HARRY R. CARTER, Ph.D., MIFireE
On Tuesday evening, April 3, I sat with tears in my eyes as I watched my dear friend, Chief Dan Jones of the Chapel Hill, North Carolina Fire Department on the CBS television show 48 Hours. Dan was the subject of an interview by CBS-TV Correspondent Erin Moriarty. The discussion revolved around the topic of fire safety on college campuses.
Dan’s message was real simple folks. "Kids don’t go to college to die in a fire." Unfortunately, Dan is an expert on this topic. He is a graduate of the school of hard knocks. Five years ago, five students lost their lives in a fraternity fire at the University of North Carolina, in Chapel Hill. The key point of the whole interview was that these kids didn’t have to die. The same holds true for the three students at Seton Hall University who died in January of 2000. And both of these mirror the story of the three people who died in the fraternity house fire at Bloomsburg State University in Pennsylvania just two months after the Seton Hall fire just adds more fuel to the fire.
In New Jersey, the state acted in its usual swift, after the fact manner. Through the eminently clear looking glass of 20-20 hindsight, a law was swiftly drafted and quickly enacted mandating automatic fire sprinkler systems in all college dormitories. This might not bring back the dead, but it helps to insure that the students of the present and future will be much safer, both now and in the years to come. As a father of three, with all three going to state universities in the fall of this year, I can breathe a little easier.
However, across the Delaware River in the Commonwealth of Pennsylvania, the story is quite different. There has been no such push for the creation of a safer college and university dormitory environment. This is sad. But then again, it took Pennsylvania a long time to overcome the building and real estate lobbies to create a building code. I can only imagine how hard the battle for sprinklers will be.

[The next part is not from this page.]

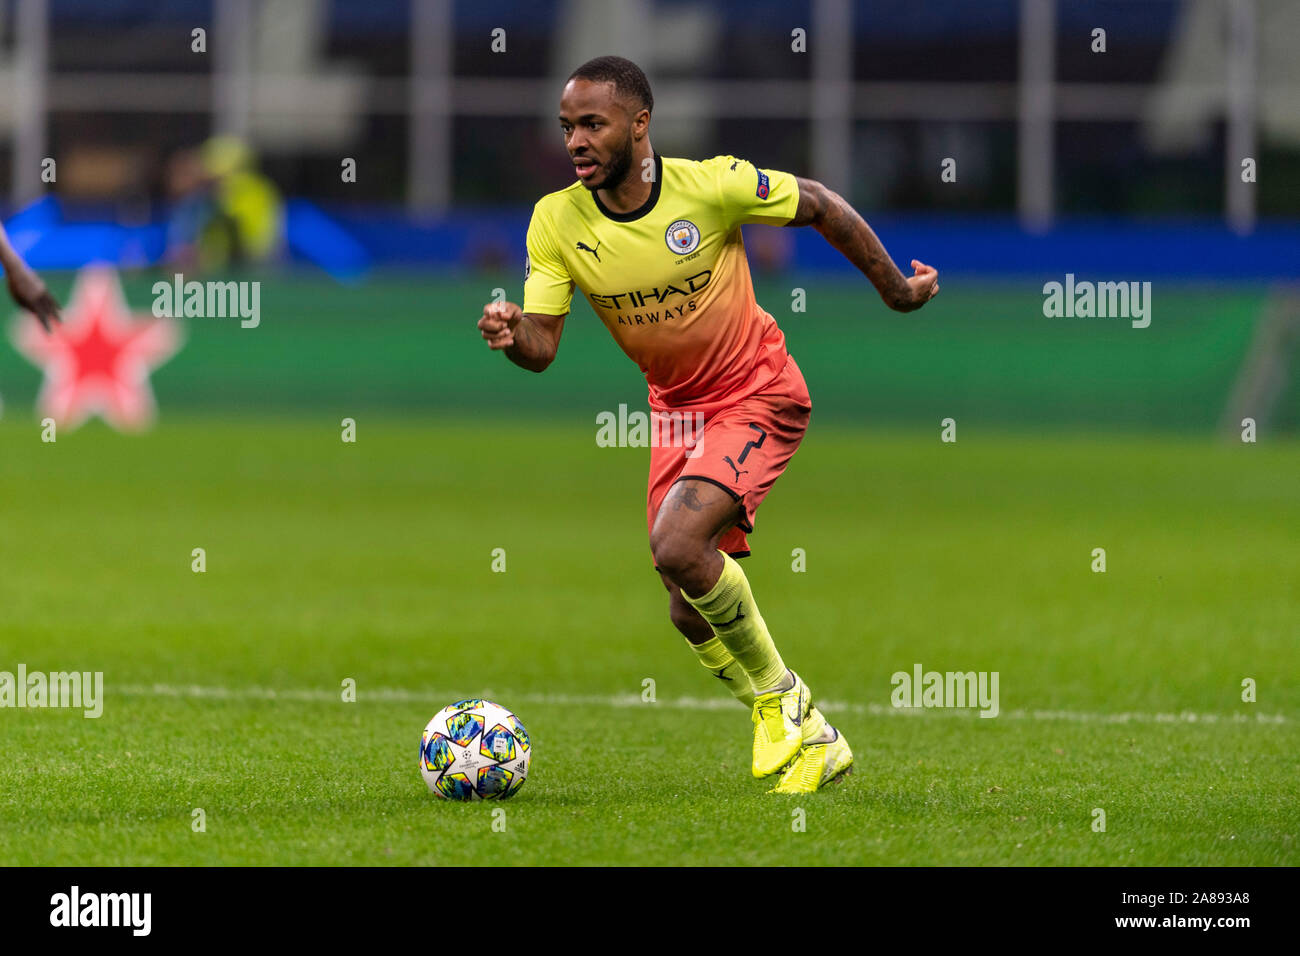 Raheem Sterling (Manchester City) during the Uefa 'Champions League ' Group Stage third match between Atalanta 1-1 Manchester City at Giuseppe Meazza Stadium on November 06, 2019 in Milano, Italy. Credit: Maurizio Borsari/AFLO/Alamy Live News Stock Photo
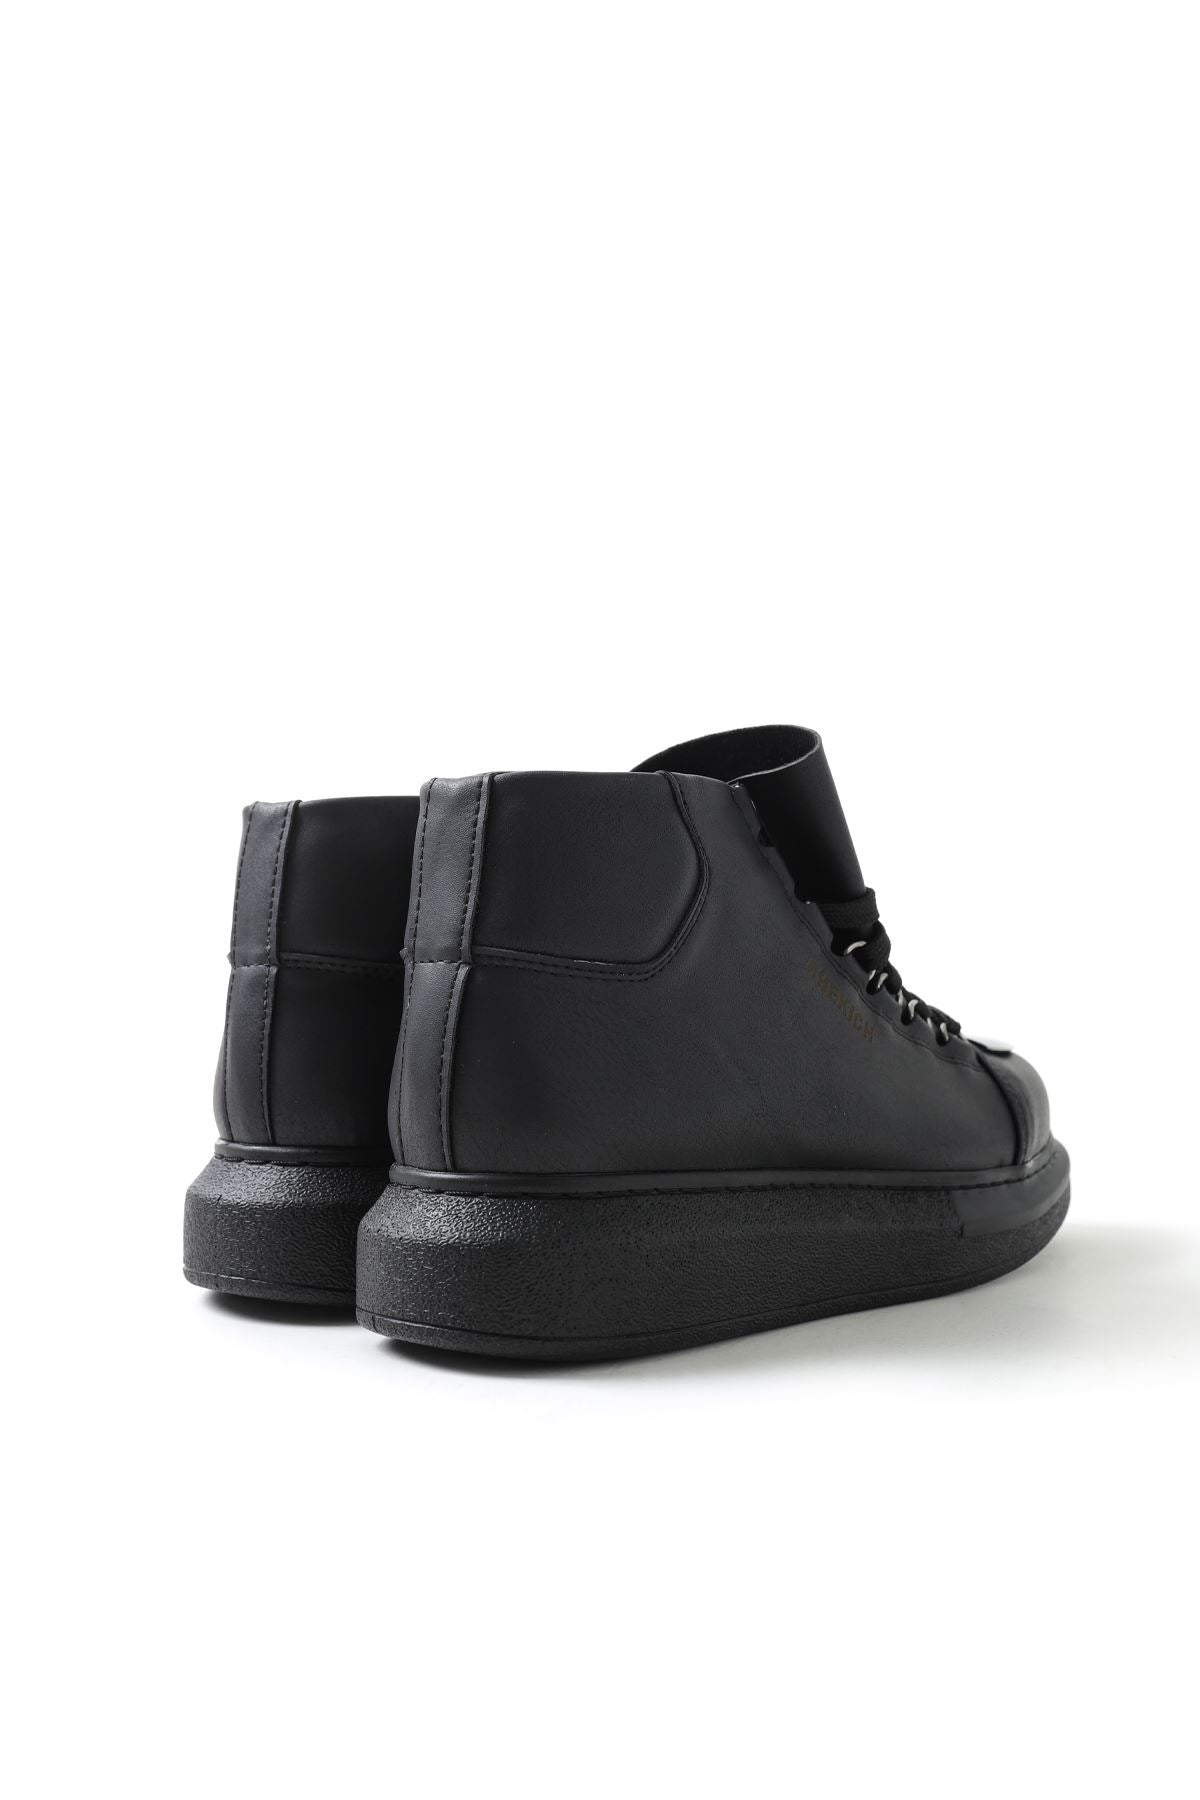 CH267 ST Women's Boots BLACK - STREETMODE ™

We in the fire service share the blame for these deaths. We have been so busy buying bigger and better fire trucks, state of the art equipment, and responding to all manner of community issues that we have ignored the most effective method of firefighting. We have believed the suppression-oriented view of life for far too long. We have become addicted to the adrenaline rush of going to fires.
Ladies and gentlemen, the secret to effective fire safety is not really a secret at all. Automatic fire sprinkler systems are a product of the 19th Century. They have been around in one form or another for more than 150 years.
As one small part of the American Service, I have not done anywhere near enough to push for the critical inclusion of fire suppression systems into our arsenal of fire safety defenses. One of the documents that I studied as an undergraduate in the fire safety administration program at Jersey City State College was a classic of my generation. It was the report of the National Commission on Fire Prevention and Control issued in May of 1973, entitled America Burning.
This landmark document called for shifts in the operational paradigm of the American Fire Service. Let me share some insights from this document for those of you who were not even born in 1973. Here are some bullet points from page X and XI of an original copy of the report:
- There needs to be more emphasis on fire prevention
- The fire service needs better training and education
- Americans must be educated about fire safety
- In both design and materials, the environment in which Americans live and work presents unnecessary hazards
- The fire protection features of buildings need to be improved
- There is a need for automatic fire extinguishing systems in every high rise building and every low rise building in which people congregate
- Important areas of research are being neglected
- Progress in most of these areas (research) is hindered by a lack of fundamental understanding of the behavior of fire and its combustion products
So how well have we done in the twenty-eight years since those words saw the light of day in May of 1973? Thousands have died and hundreds of thousands have been burned and broken by the ravages of fire. We have not done well as a nation, if my experience is any indication.
I say that advisedly, because New Jersey has labored diligently to bring our state to a higher level of protection. Our building code dates from 1977 and our fire prevention codes came on line in the early 1980’s. Unfortunately, you have Pennsylvania right next door who did not have a fire prevention code until a very short time ago. We are far safer than we were when I was a young lad in the fire service, but we still have a ways to go.
During my time in the City of Newark, I saw the low priority placed upon fire safety, code enforcement, and training. My training budget for New Jersey’s largest city was at one point in 1998, smaller than our training budget in the Adelphia Fire Company (salaries excluded). It was a standard refrain that the sick, lame and lazy went to training. I can even recall the boss asking me why I wanted to stay in training when the real fun was in the firehouse. I originally made it to training as a result of a fire-related injury. When I was healed, I went back to the firehouse. So I guess the refrain was correct.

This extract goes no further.